Main article: German nationalism

Revolutionaries in Vienna with German tricolor flags, May 1848

In the German states west of Prussia, Napoleon abolished many of the old or medieval
relics, such as dissolving the Holy Roman Empire in 1806.[52] He imposed rational legal
systems and demonstrated how dramatic changes were possible. His organization of
the Confederation of the Rhine in 1806 promoted a feeling of nationalism.

Nationalists sought to encompass masculinity in their quest for strength and unity.[53] It
was Prussian chancellor Otto von Bismarck who achieved German unification through a
series of highly successful short wars against Denmark, Austria and France which
thrilled the pan-German nationalists in the smaller German states. They fought in his
wars and eagerly joined the new German Empire, which Bismarck ran as a force for
balance and peace in Europe after 1871.[54]

In the 19th century German nationalism was promoted by Hegelian-oriented academic


historians who saw Prussia as the true carrier of the German spirit, and the power of the
state as the ultimate goal of nationalism. The three main historians were Johann Gustav
Droysen (1808–1884), Heinrich von Sybel (1817–1895) and Heinrich von Treitschke (1834–1896).
Droysen moved from liberalism to an intense nationalism that celebrated Prussian Protestantism,
efficiency, progress, and reform, in striking contrast to Austrian Catholicism, impotency and
backwardness. He idealized the Hohenzollern kings of Prussia. His large-scale History of Prussian Politics
(14 vol 1855–1886) was foundational for nationalistic students and scholars. Von Sybel founded and
edited the leading academic history journal, Historische Zeitschrift and as the director of the Prussian
state archives published massive compilations that were devoured by scholars of nationalism.[55]
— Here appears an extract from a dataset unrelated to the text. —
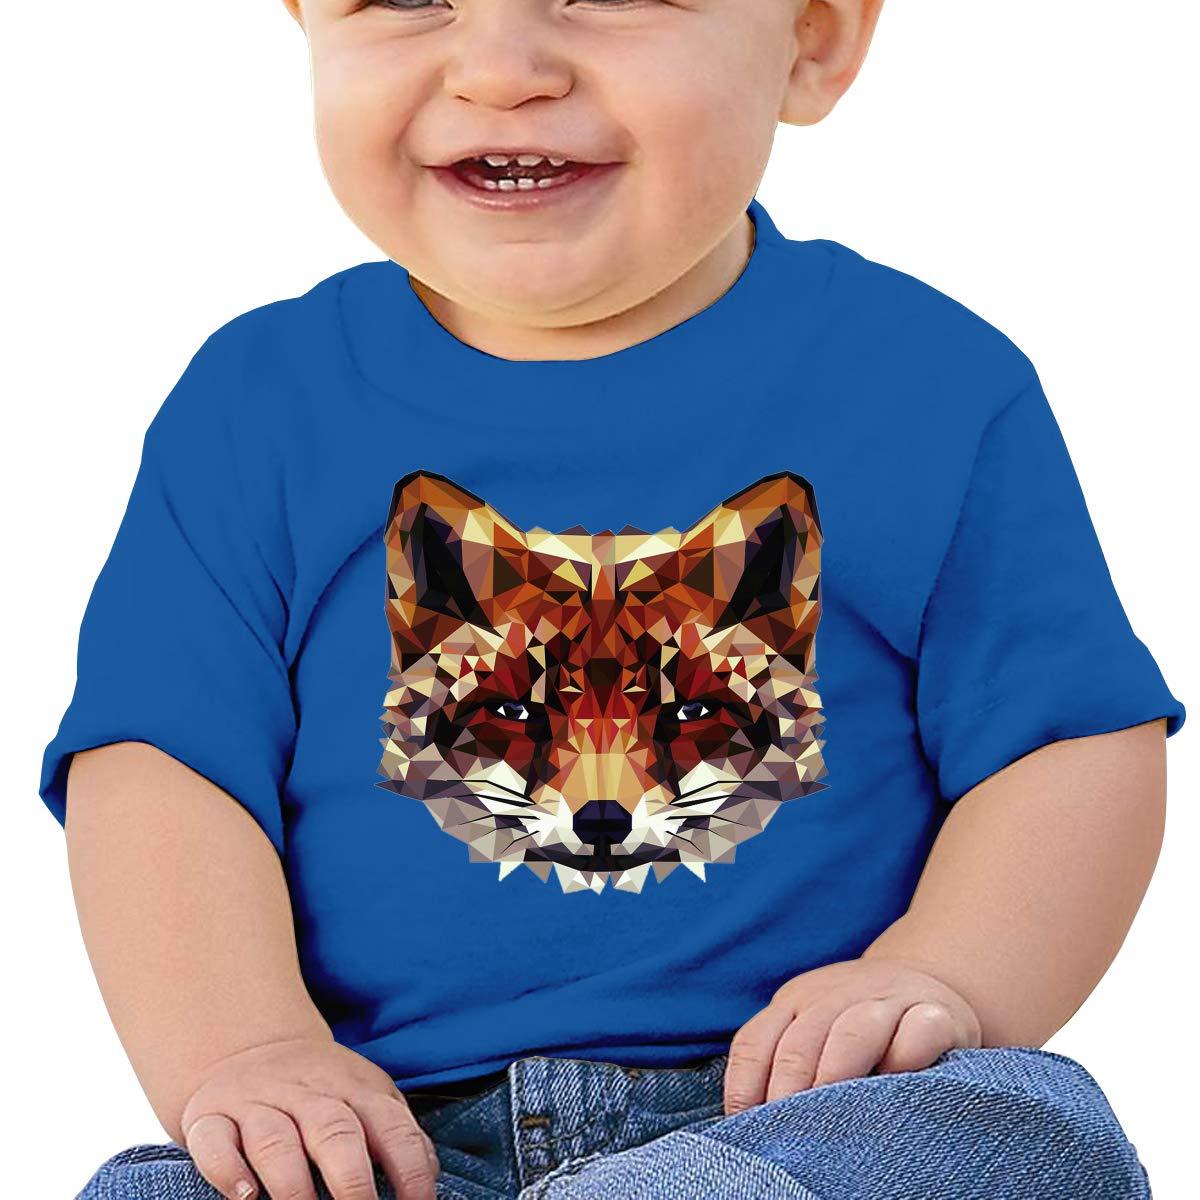 XHX403 Geometric Low Poly Fox Infant Kids T Shirt Cotton Tee Toddler Baby 6-18M

The most influential of the German nationalist historians, was Treitschke who had an enormous
influence on elite students at Heidelberg and Berlin universities.[56] Treitschke vehemently attacked
parliamentarianism, socialism, pacifism, the English, the French, the Jews, and the internationalists. The
core of his message was the need for a strong, unified state—a unified Germany under Prussian
supervision. "It is the highest duty of the State to increase its power," he stated. Although he was a
descendant of a Czech family he considered himself not Slavic but German: "I am 1000 times more the
patriot than a professor."[57]
Adolf Hitler being welcomed by a crowd in Sudetenland, where the pro-Nazi Sudeten German Party
gained 88% of ethnic-German votes in May 1938.[58]

German nationalism, expressed through the ideology of Nazism, however, may also be understood as
trans-national in nature. This aspect was primarily advocated by Adolf Hitler, who later became the
leader of the Nazi Party. This party was devoted to what they identified as an Aryan race, residing in
Austria, Norway, Denmark, Sweden, the United Kingdom, and parts of Czechoslovakia and Latvia.[59]
(See also Nazi propaganda and the United Kingdom.)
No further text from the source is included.